▸ **PROBLEM DETAILS**
Only certain lines below are wanted: those starting at the line containing "Vorlage für das" and ending at the line containing "Αρχιεπίσκοπος Αχρίδος και", both included, each retyped exactly.
:: STORED DATA
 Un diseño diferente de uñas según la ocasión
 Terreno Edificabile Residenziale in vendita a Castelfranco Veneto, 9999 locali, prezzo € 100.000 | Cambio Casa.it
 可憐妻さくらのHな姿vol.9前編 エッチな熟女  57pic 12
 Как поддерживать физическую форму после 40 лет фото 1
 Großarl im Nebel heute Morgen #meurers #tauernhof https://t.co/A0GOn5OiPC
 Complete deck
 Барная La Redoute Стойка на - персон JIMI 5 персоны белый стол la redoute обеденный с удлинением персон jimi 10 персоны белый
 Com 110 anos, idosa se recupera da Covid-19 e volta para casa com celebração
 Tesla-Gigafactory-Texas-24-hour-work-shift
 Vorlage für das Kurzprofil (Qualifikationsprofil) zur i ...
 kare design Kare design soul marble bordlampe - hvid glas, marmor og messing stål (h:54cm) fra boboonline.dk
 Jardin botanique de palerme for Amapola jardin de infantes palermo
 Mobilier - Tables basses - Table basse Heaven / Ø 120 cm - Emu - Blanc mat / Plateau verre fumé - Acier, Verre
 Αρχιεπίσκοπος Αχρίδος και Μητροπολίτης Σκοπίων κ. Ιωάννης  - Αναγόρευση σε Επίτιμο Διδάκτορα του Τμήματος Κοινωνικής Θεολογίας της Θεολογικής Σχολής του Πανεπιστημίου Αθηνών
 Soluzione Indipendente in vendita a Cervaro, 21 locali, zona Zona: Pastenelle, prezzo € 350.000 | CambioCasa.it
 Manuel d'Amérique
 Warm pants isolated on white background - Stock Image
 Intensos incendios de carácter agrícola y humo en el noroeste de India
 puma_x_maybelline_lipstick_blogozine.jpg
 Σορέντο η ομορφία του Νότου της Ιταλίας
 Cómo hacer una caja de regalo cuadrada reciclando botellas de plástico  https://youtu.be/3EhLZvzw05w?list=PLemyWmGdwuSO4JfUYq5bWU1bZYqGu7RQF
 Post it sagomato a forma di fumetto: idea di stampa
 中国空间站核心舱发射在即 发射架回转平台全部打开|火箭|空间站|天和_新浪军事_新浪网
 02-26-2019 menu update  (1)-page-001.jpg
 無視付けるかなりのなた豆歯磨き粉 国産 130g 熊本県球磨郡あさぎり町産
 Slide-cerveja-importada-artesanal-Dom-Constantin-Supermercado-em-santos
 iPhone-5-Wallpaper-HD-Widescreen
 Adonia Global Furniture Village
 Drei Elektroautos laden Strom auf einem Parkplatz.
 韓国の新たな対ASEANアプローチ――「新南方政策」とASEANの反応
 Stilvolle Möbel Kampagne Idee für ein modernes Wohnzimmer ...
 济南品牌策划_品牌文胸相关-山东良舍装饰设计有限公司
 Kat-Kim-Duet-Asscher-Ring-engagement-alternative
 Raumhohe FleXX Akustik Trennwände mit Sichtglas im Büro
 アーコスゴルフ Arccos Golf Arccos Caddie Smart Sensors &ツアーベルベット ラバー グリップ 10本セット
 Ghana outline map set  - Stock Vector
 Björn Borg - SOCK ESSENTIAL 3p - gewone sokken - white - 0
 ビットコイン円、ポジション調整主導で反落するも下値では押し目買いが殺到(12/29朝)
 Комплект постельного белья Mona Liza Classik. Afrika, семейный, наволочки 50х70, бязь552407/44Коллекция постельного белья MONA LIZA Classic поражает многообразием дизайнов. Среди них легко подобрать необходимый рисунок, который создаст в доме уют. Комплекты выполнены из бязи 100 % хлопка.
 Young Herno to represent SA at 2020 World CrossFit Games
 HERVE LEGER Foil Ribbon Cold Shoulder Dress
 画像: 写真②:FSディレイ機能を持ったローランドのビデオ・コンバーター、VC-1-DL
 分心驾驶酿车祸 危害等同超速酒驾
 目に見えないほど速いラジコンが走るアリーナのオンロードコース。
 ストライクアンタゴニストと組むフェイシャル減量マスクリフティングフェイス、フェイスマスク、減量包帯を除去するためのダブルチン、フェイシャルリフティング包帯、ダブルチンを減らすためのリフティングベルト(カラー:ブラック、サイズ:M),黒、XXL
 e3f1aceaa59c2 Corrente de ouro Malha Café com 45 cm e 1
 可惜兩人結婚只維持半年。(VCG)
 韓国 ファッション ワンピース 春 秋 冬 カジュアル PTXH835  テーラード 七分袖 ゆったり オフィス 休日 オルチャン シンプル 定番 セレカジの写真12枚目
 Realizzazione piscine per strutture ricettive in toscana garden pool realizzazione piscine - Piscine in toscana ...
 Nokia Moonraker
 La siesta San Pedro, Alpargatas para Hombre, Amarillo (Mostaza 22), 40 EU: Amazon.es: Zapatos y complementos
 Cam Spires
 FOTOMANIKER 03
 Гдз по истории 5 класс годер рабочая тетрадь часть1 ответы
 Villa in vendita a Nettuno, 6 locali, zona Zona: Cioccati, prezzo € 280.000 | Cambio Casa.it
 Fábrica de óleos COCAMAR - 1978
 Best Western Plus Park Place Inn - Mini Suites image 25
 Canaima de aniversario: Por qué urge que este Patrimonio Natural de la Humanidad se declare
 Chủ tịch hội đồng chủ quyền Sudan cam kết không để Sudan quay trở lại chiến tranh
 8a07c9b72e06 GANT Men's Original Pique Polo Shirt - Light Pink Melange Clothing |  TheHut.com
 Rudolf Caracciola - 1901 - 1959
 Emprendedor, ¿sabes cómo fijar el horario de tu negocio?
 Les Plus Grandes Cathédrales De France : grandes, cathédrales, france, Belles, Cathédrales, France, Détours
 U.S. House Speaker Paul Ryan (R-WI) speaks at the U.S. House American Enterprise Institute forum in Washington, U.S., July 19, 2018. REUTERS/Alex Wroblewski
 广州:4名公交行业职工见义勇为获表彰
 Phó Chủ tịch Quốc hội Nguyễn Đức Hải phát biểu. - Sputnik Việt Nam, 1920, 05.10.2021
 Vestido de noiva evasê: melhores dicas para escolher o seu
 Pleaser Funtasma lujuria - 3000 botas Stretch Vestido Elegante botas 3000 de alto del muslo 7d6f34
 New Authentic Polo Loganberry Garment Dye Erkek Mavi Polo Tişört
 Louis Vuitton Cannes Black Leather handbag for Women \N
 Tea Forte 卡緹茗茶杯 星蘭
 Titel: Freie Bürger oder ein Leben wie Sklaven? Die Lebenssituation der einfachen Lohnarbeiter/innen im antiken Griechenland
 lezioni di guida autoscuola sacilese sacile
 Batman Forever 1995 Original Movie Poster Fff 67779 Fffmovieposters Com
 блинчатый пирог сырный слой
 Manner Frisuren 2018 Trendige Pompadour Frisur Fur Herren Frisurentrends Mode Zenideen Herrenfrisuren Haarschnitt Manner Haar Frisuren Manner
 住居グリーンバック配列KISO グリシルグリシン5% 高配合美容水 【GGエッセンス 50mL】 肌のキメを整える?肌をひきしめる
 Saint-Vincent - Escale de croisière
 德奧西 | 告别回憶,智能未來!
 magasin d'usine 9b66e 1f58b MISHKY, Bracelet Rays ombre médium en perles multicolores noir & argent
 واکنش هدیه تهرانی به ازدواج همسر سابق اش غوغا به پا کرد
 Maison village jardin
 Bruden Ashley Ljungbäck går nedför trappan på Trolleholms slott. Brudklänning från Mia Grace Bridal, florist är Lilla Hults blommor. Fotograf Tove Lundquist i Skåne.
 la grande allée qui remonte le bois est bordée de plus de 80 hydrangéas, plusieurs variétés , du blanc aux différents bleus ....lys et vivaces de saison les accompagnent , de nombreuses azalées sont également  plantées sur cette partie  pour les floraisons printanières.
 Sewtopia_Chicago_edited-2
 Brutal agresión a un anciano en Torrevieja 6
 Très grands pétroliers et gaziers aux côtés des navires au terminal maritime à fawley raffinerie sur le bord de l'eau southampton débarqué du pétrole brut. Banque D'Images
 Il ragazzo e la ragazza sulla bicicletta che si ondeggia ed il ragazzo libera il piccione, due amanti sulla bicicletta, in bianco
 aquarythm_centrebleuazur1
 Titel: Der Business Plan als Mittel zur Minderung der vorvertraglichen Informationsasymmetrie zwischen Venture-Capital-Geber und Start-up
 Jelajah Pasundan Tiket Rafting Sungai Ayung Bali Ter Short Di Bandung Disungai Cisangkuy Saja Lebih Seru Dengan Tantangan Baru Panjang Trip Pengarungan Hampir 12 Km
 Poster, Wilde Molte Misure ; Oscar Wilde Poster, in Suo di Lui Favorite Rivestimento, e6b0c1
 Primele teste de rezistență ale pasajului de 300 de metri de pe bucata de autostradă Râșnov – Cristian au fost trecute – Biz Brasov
::::
▸ **ANSWER TO THE PROBLEM**
 Vorlage für das Kurzprofil (Qualifikationsprofil) zur i ...
 kare design Kare design soul marble bordlampe - hvid glas, marmor og messing stål (h:54cm) fra boboonline.dk
 Jardin botanique de palerme for Amapola jardin de infantes palermo
 Mobilier - Tables basses - Table basse Heaven / Ø 120 cm - Emu - Blanc mat / Plateau verre fumé - Acier, Verre
 Αρχιεπίσκοπος Αχρίδος και Μητροπολίτης Σκοπίων κ. Ιωάννης  - Αναγόρευση σε Επίτιμο Διδάκτορα του Τμήματος Κοινωνικής Θεολογίας της Θεολογικής Σχολής του Πανεπιστημίου Αθηνών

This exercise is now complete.